Argentine tango dancer, instructor and musician Alex Krebs will be performing with Company Artist Grace Shibley at OBT’s upcoming Gala, Viva la Danza, on April 14th.  Brook Manning, OBT Teaching Artist, sat down in Mr. Krebs’ tango studio to talk with him about his background, the process of setting a tango performance on a ballerina and the crossovers he sees between the two forms.

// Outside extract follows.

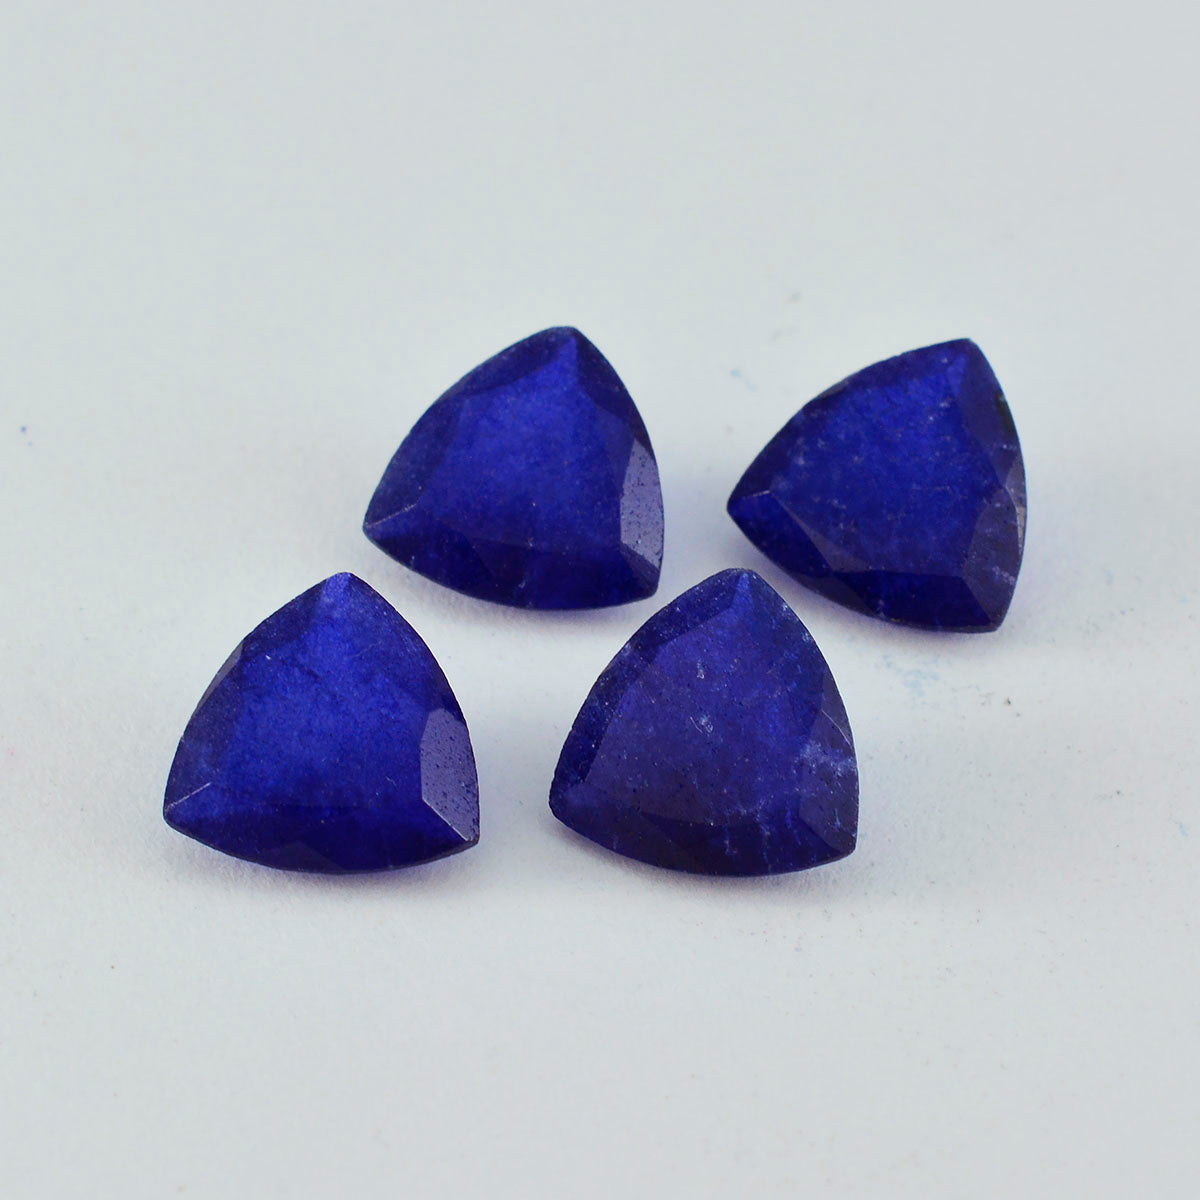 riyogems 1шт настоящая синяя яшма ограненная 10x10 мм форма триллиона драгоценный камень отличного качества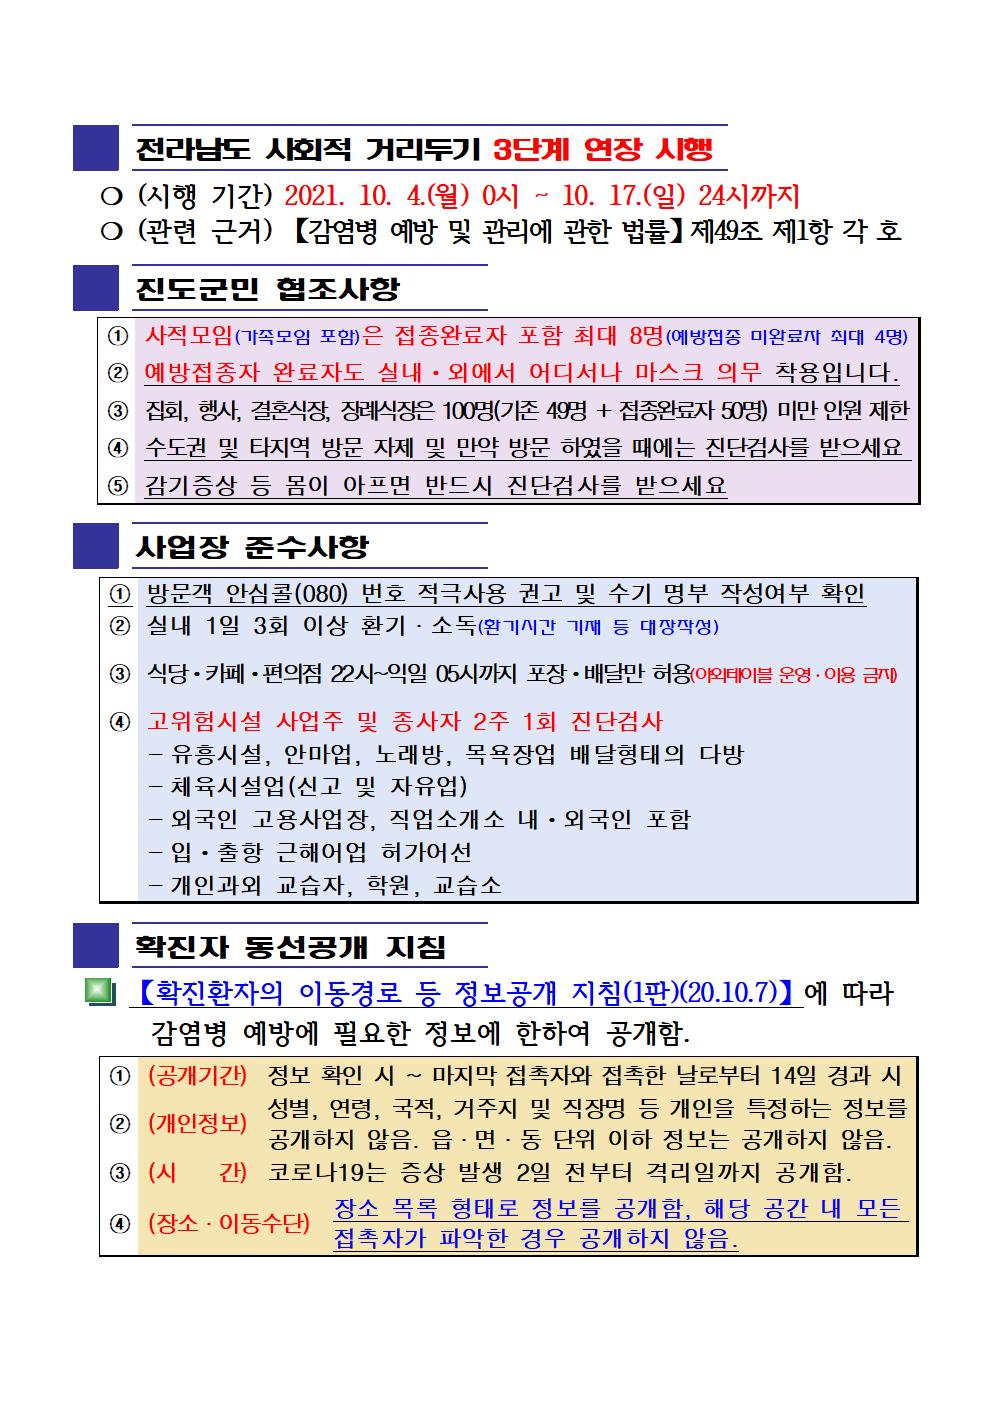 2021년 코로나19 대응 일일상황보고(10월 8일 24시 기준) 첨부#2

Brook:  How did you come to tango?

Alex:  I was listening to public radio in California, probably in ’95, and I heard Carlos Gardel, who is an old tango singer from the 1920’s.  It was just him and guitar.  The music was, for me, the link and the hook.  Then I discovered the intricate footwork of the dance, and then, after eight months, found the tango connection.  I didn’t know that was part of it, this moving in unison with one person.  Then I started learning the bandoneón and got reconnected to the music via that.  I formed a group and went down to Buenos Aires.  When I came back, people said, “Do you teach?”  I didn’t expect to teach tango.  I was studying physics and music at Reed and was planning to go to graduate school in music.  I graduated and what was going to be one year off before going to grad school has now been 13 years and tango has just kept growing and growing.  I’ve taught, performed and dj’d all over Europe and the States. I bought this studio in 2001.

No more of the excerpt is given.